The bright side is More Grist for the Mill.
My student was writing about the role of pleasure in the formation of unhealthy eating habits. She meant to say that the pleasure of appetite gratification is temporary, while the bad effects accrue over time and produce lasting suffering. Very true. But instead of saying “That Big Mac with cheese is only a short-term pleasure,” she began with “This short-term pleasure …” and then sought a verb that would emphasize the point. The point, of course, was that the pleasure was only short-term, and so unless she was going contrast it with long-term something-or-other the sentence really had nowhere to go, other than to double back on itself. Rather than start the sentence over, or express the other half of the thought, back she doubled.

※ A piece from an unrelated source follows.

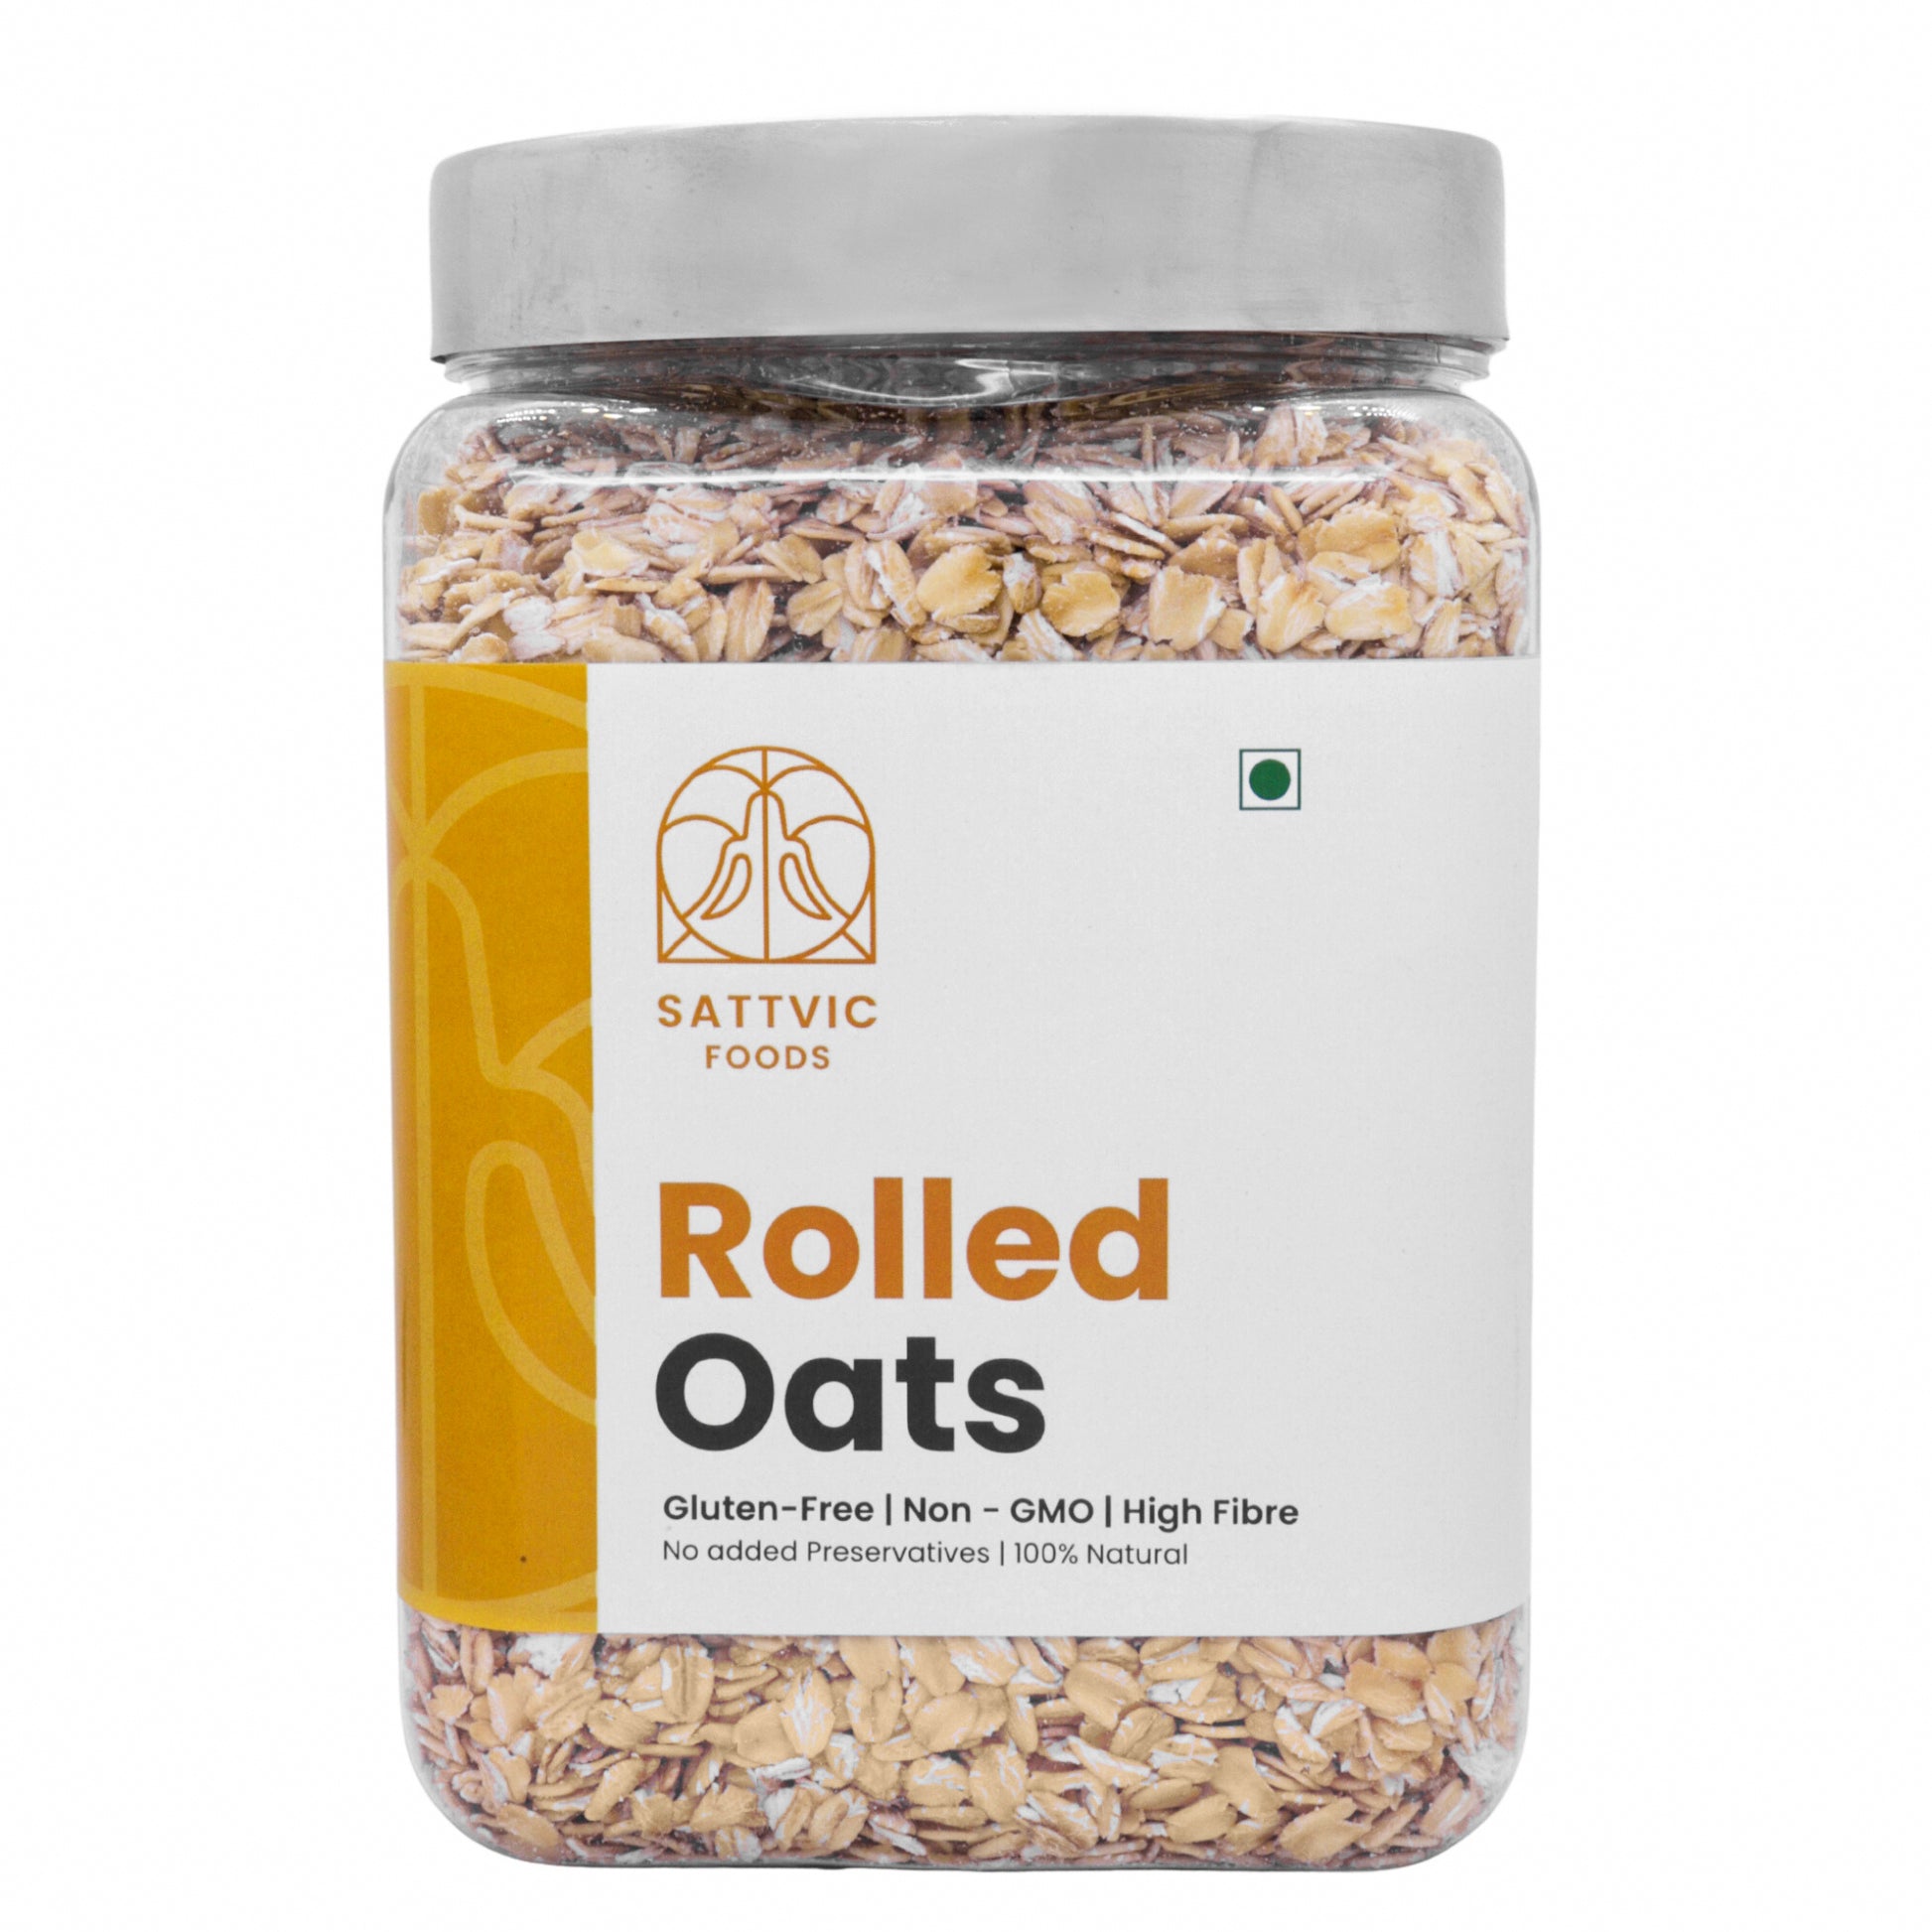 Rolled Oats (Gluten-free)

And so she didn’t really write what she meant, or at least she didn’t manage to write all of what she meant.
What she DID write was a poignant, if self-defining, reminder of the ephemeral nature of pleasure (in this life of pain and toil). So young and yet so wise, or so disillusioned….
On the other hand, we might view her statement as less a cri de coeur than a carpe diem, and in that sense it’s not a bad reminder for the approaching family gatherings; parties; exchanges of gifts; lightings of candles and fireworks; quaffings of nogs, punches, and champagnes; samplings of cookies and candies; singings of auld-lang-synes: this short-term pleasure will last only so long [note that I myself prefer to place the modifier as close as possible to the word modified], so enter into the joy of the season whole-heartedly, appreciate the pleasures to the full. There’s a lot of winter yet to come, and the warm, bright memories will flicker still even into the darks and damps of January and February.
Especially if you’ve turned in your grades.